Let p denote stereographic projection with vertex N
from
the sphere S to the plane P.
Then, for any circle C on S,
p(C) is
a line if N lies on C, and
a circle otherwise.
We choose coordinates so that S is the sphere x²+y²+z² = 1
and N is the point (0,0,1) We take as P the plane z=0.
Suppose that P on S has projection Q on P.
Then Q = (X,Y,0) for some X and Y and P is the point
where NQ cuts S.
Suppose that C lies on the plane F: ax+by+cz = d.
A point on NQ has the form (tX,tY,1-t) for some real t.
This is on S if and only if (tX)²+(tY)²+(1-t)² = 1.

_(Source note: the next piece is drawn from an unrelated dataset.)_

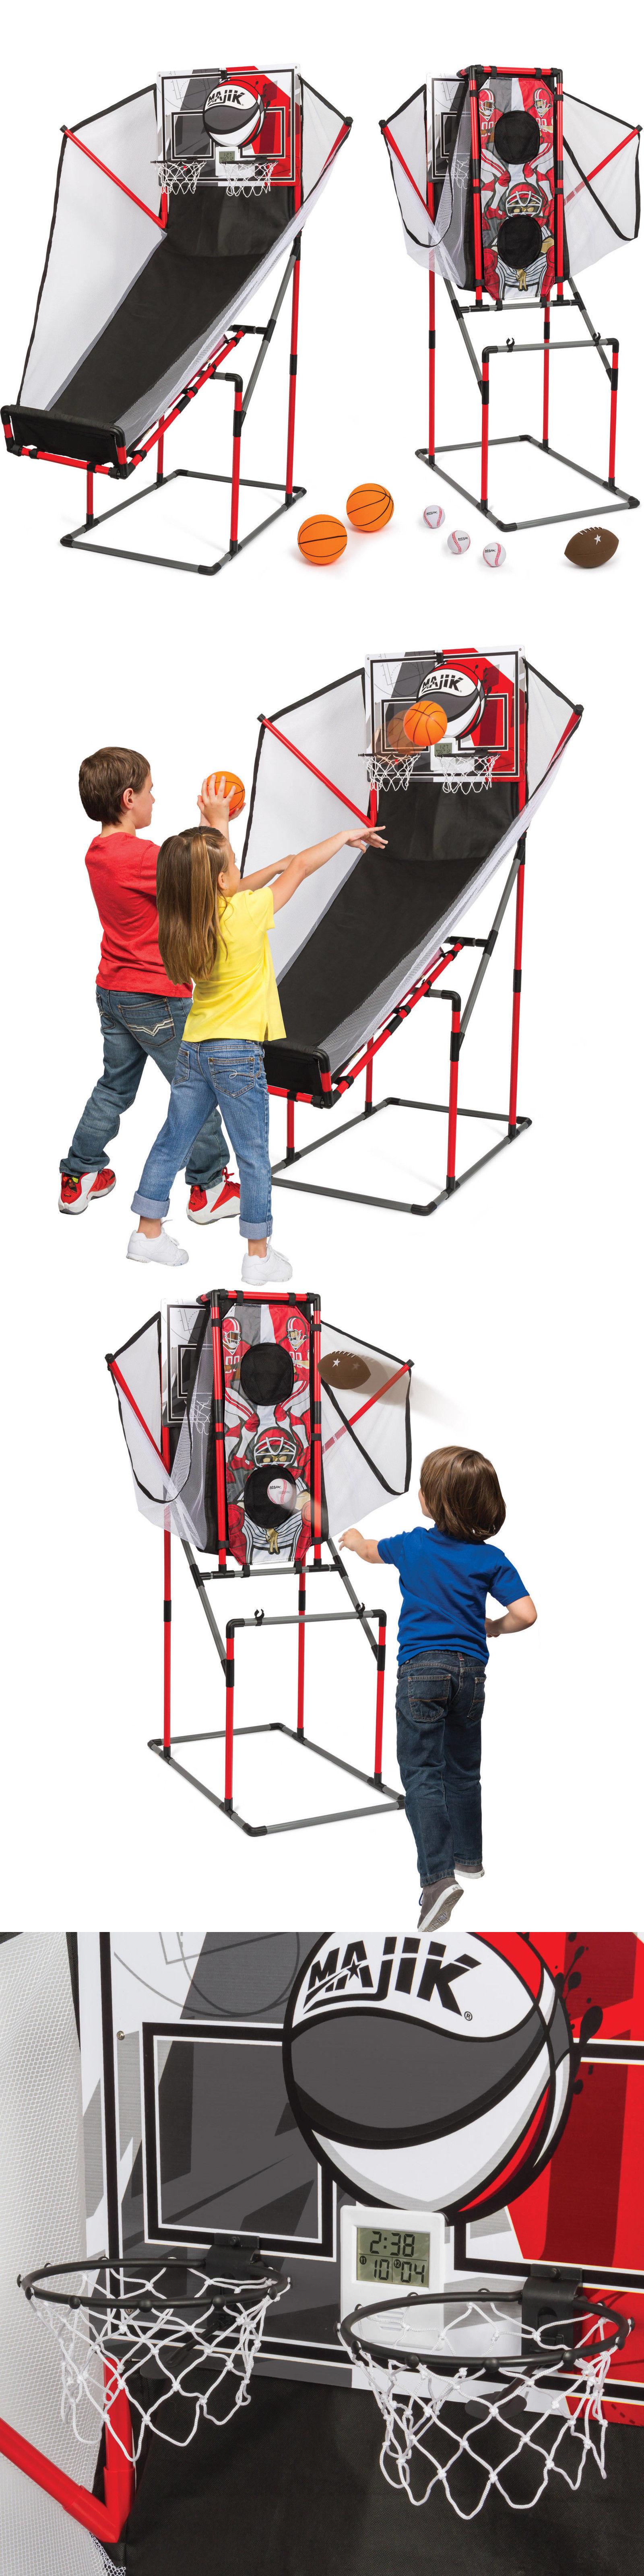 Other Indoor Games 36278: Arcade Sport Center Basketball Foo

Simplifying, we get t((X²+Y²+1)t-2)=0.
Now, t=0 gives N, so P must have t=2/(X²+Y²+1).
But P also lies on F, so that
2aX/(X²+Y²+1) +2bY/(X²+Y²+1) + c(1-2/(X²+Y²+1) = d.
Simplifying, 2aX + 2bY - 2c = (d-c)(X²+Y²+1).
Thus the points on C project to points on the curve
2ax + 2by - 2c = (d-c)(x²+y²+1).
If c=d, this is a line, otherwise it is a circle.
Finally, we note that c=d if and only if N = (0,0,1) lies on F.